Trying to find a balance of good climbing, year round livability, affordability, stuff to do outside of climbing, and the ability to make a decent living is way hard. Seems like most of the really good climbing areas lack at least one or two of these. Like I love the climbing around Lander, but living there though the winter and trying to find a job or something to do on a random Tuesday night is not that easy.
Posted: Mon Jul 21, 2008 4:25 pm
by SCIN
Lexington is the best climbing town. Don't believe every article you read.
Posted: Mon Jul 21, 2008 4:45 pm
by KD
How 'bout good ol' Cincy?!
Posted: Mon Jul 21, 2008 5:03 pm
by pigsteak
Lexington IS a grand place to live and climb.
Only two drawbacks to Lexington. humidity and lack of bouldering.
I've lived in Colorado for two years, and it is way over hyped. Sport climbing, even at rifle, is average.
I lived in Bozeman, and it is even worse.
Chattanooga and Lexington should make any list.
Posted: Mon Jul 21, 2008 6:49 pm
by Myke Dronez
Hey, Lexington is close enough to the Red to allow climbing for even simple folks like myself. If I needed a Phd to afford my whitey pastime I would probably be shooting roadsigns and roasting smores on tire fires.
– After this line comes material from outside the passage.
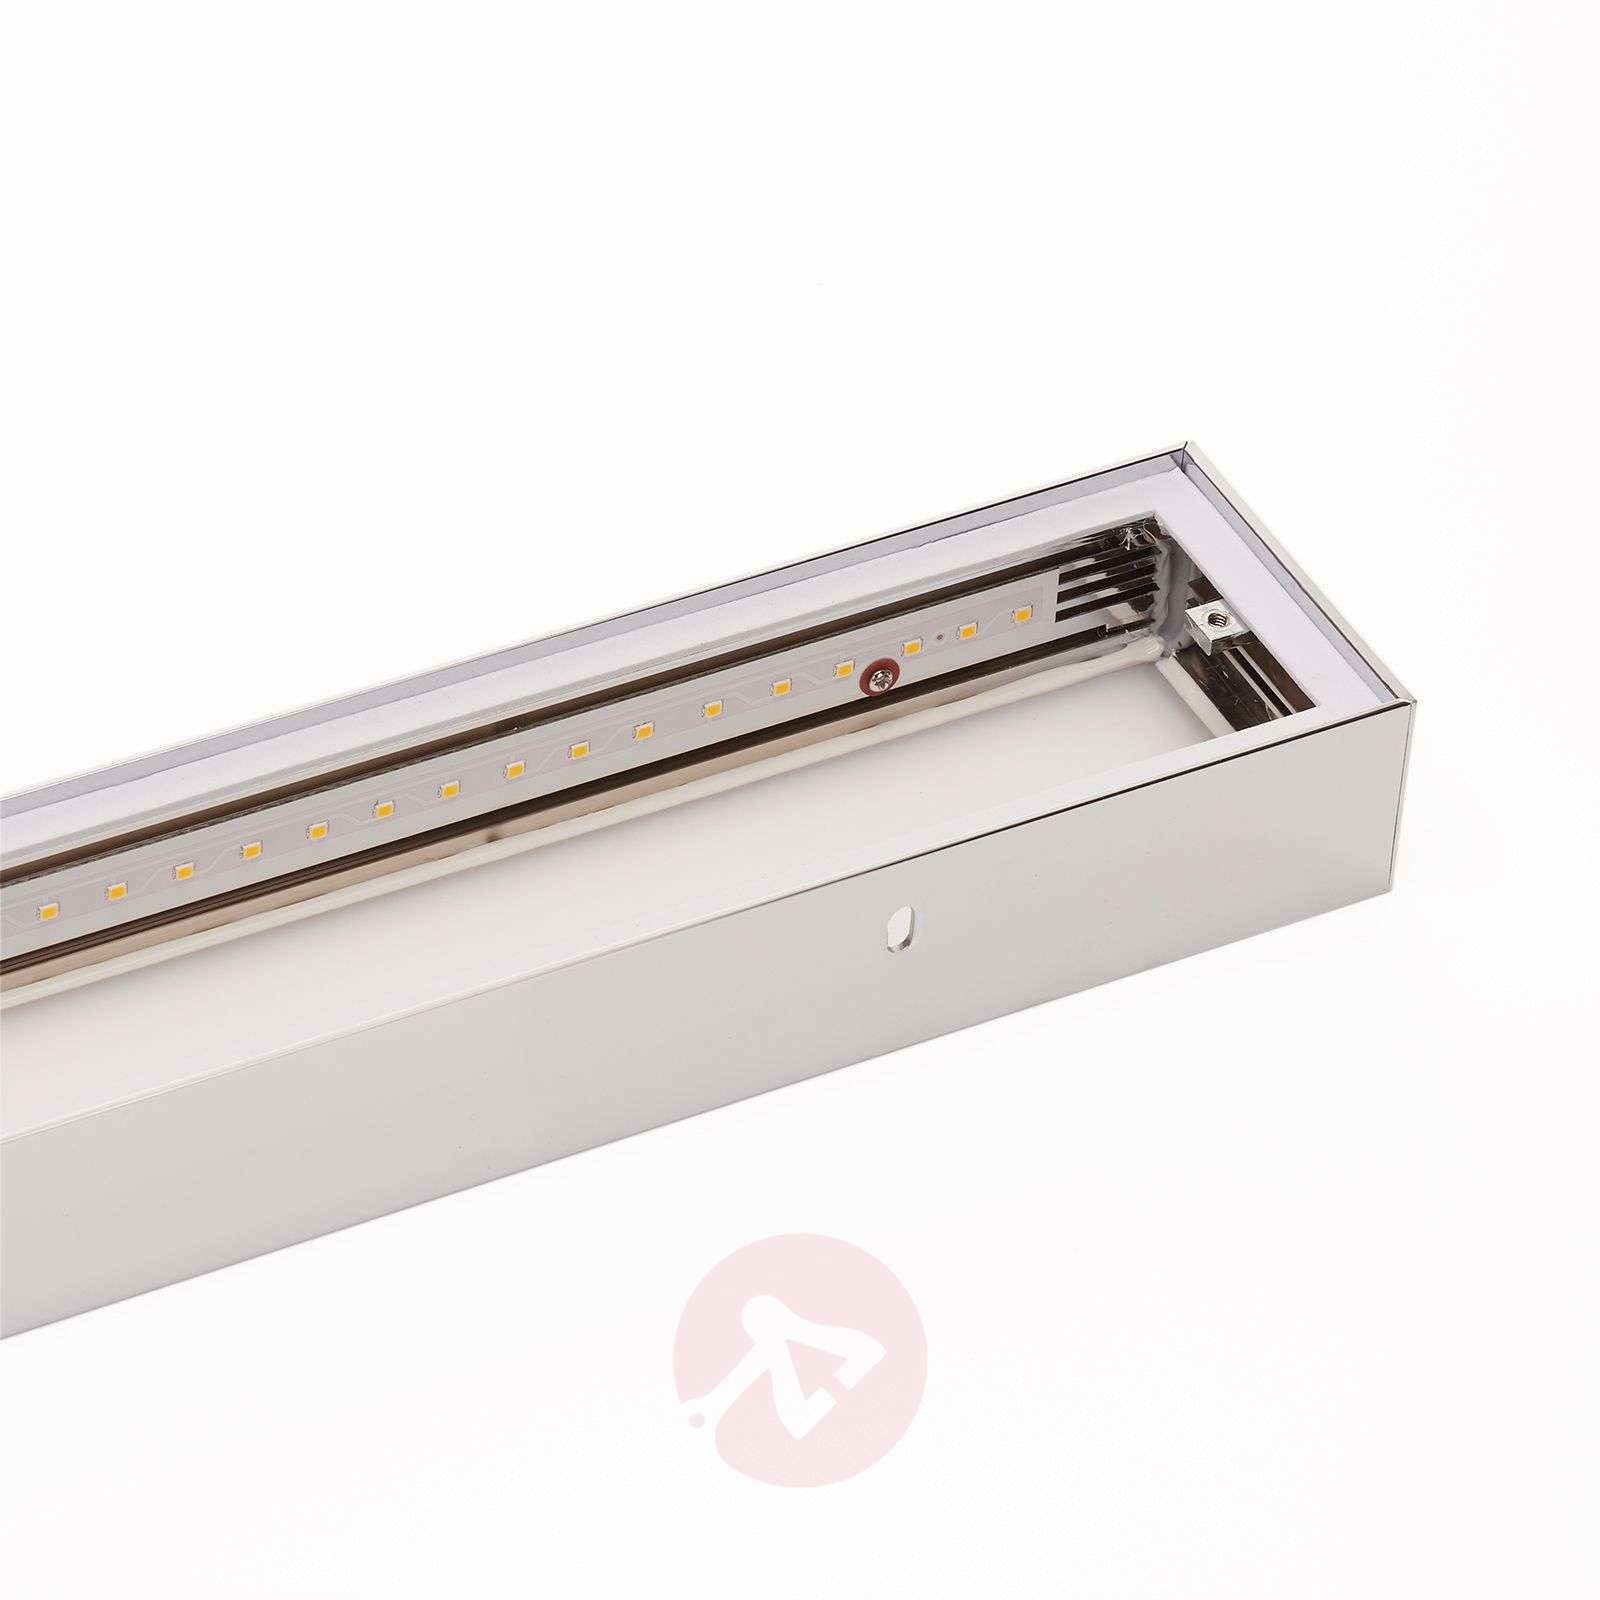 Helestra Theia LED mirror light chrome-plated 60cm-4516461-01
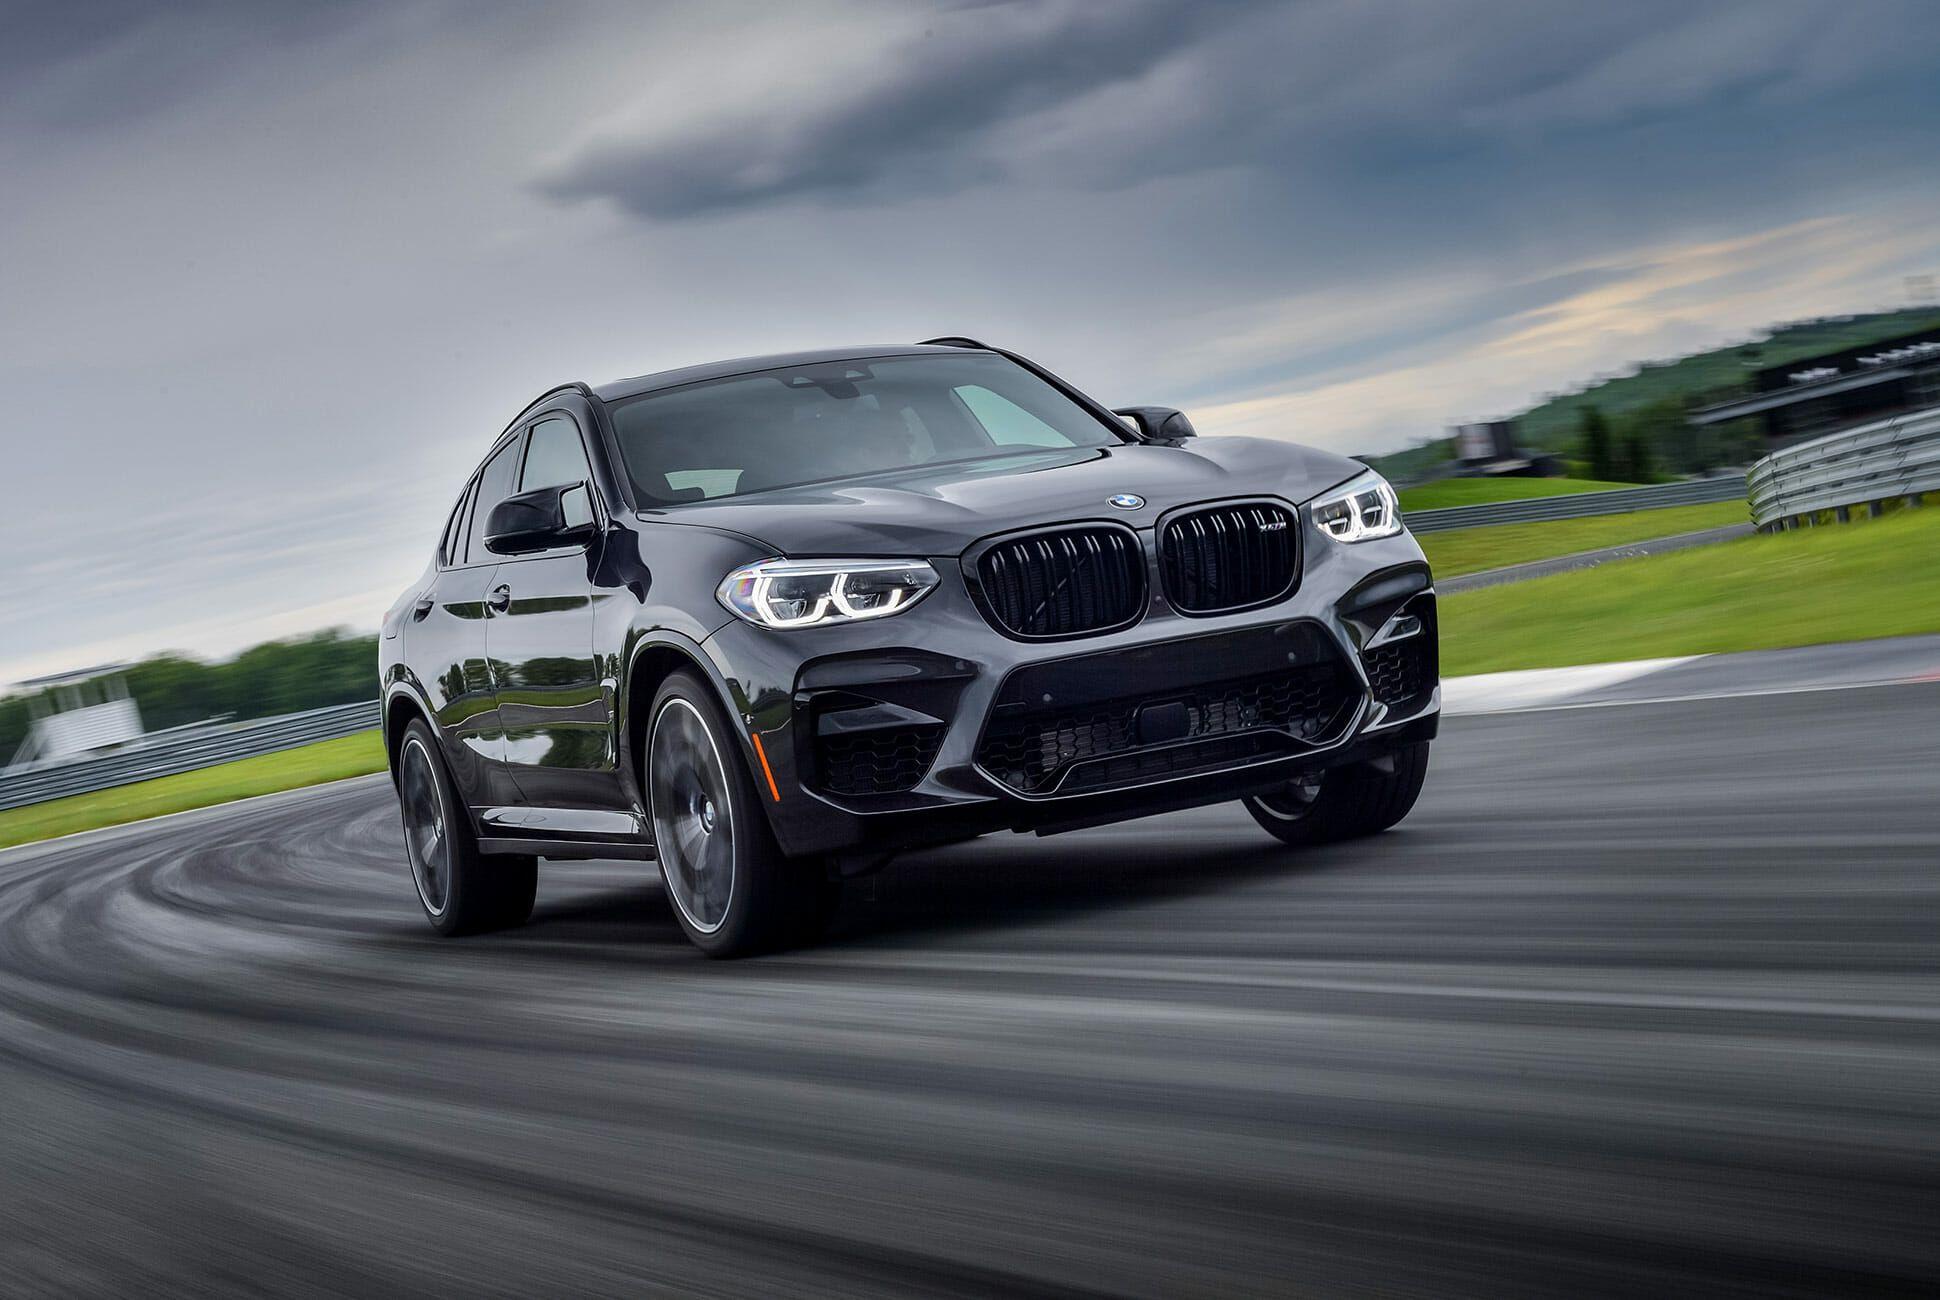 2020-BMW-X3-M-X4-M-Review-gear-patrol-slide-7

I don't know if its the best place but it sure does make it hard to want to leave.
Posted: Mon Jul 21, 2008 7:10 pm
by Danny
KD wrote:Bend Ore.
I ain't gonna, you Bend Ore.
Posted: Mon Jul 21, 2008 9:38 pm
by p0bray01
Morgantown, Elkins, and Beckley...WV's finest climbing towns
Posted: Tue Jul 22, 2008 12:43 am
by anticlmber
salina, ks. right next to the only climbing for 568 miles.
Posted: Tue Jul 22, 2008 10:15 am
by Ascentionist
Having lived or worked in a few cities myself (Nashville TN, Dayton OH, Lexington, Richmond and now Denver), I think Lexington has potential to be a good place to live, but pales in comparison to the other places. Lexington is trying, but is still way behind much of the rest of the country in getting its priorities straight.
And I just don't see how Colorado is over-hyped. There is a grand variety of climbing types on all kinds of different rock, at different angles in different environments. You can be to Vedauwoo from Denver in less than two hours and you can access peaks all up and down the Rockies within six hours.
The RRG is sandstone pockets or so-so cracks over rhododendron with limited views at the tops of climbs. Talk about over-hyped. The only reason RRG is as popular as it is is because buckeyes got tired of driving all the way to NRG to climb the same route over and over.
And don't get me wrong, I love the RRG and think it is an amazing place to live and recreate, but if Ohio had been closer to Boulder no one would have ever developed RRG. And when I say Ohio I mean anything north or west of Winchester.